The biggest news on Wall Street is the arrival of a decentralized activist group of traders stalking the short sellers and roiling the markets.

Despite the hype, the flood of retail investors into the market seeking to make a point, a statement, or a buck, is not new. What is new, and far more dangerous than individuals risking their own money in the market, is the Federal Reserve’s policy of maintaining low-interest rates.

This distorts prices, misallocates capital, and punishes savers. The Fed is the ultimate foe of the little guy who pays his bills, lives by the rules, and just wants to be left alone. The reckoning for the Fed’s creation of “zombie markets” will be enormous.

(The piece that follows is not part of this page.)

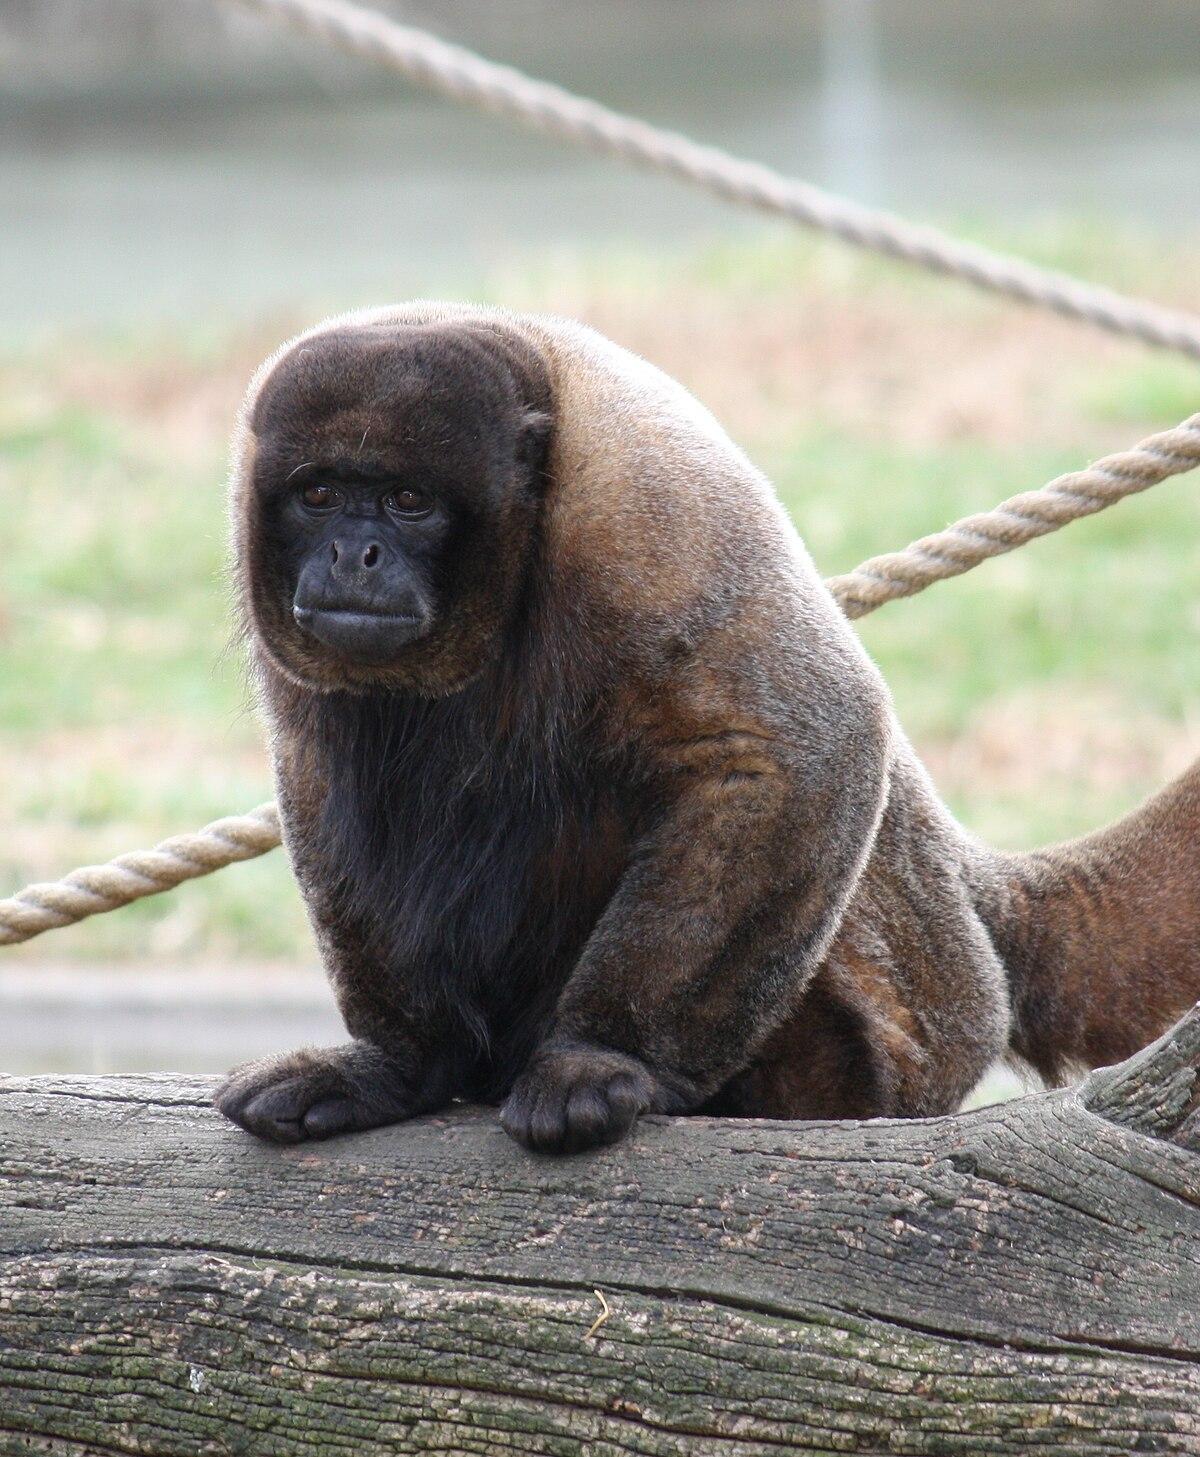 What Kind Of Food Do Monkeys Eat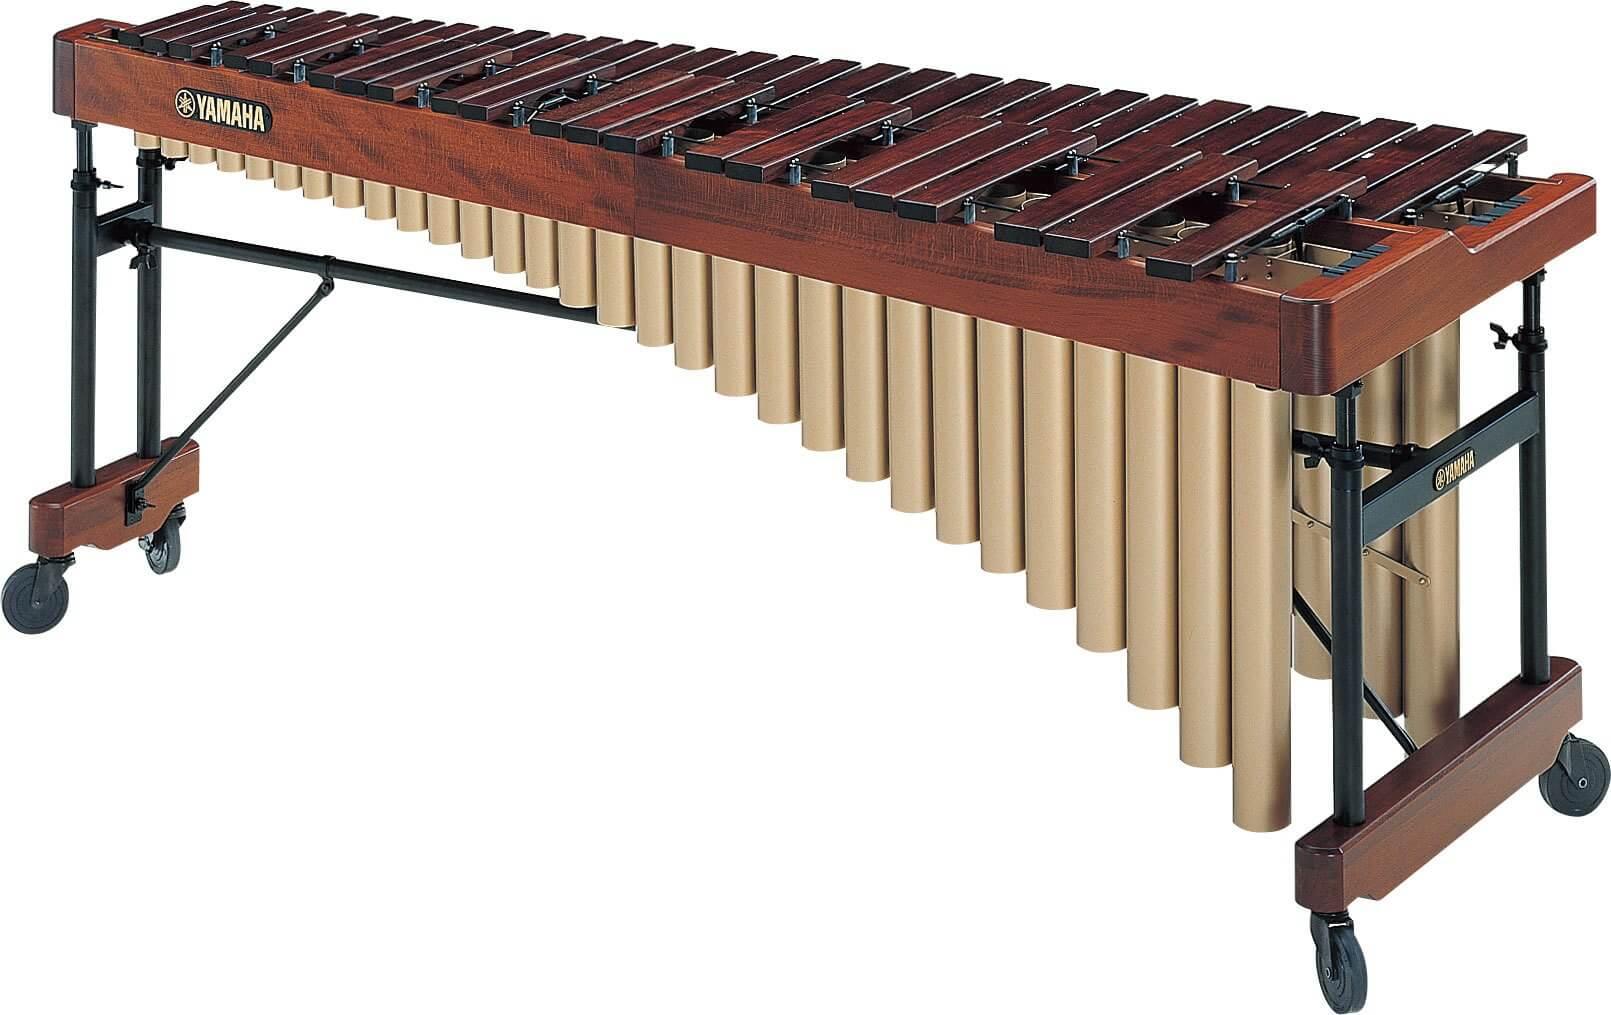 Marimba Yamaha Ym 4600A

Bringing a big dose of democracy to stock markets, and shaking trading houses to their foundations is largely a good thing. It’s happened before, and it’s happening now. What arises from the rubble is usually a better, more rational market. This kind of disruption, though, has limits in the heavily regulated financial market.

Maybe that’s why the enthusiasm for alternatives to the current tools and market regulations — like cryptocurrency —  continues to grow. 

But there, as everywhere, the same iron-clad rule of investing and trading applies: your investment’s value will fluctuate. There is the possibility it could go to zero. And unlike the big Wall Street banks, the individual investor is not “too big to fail.”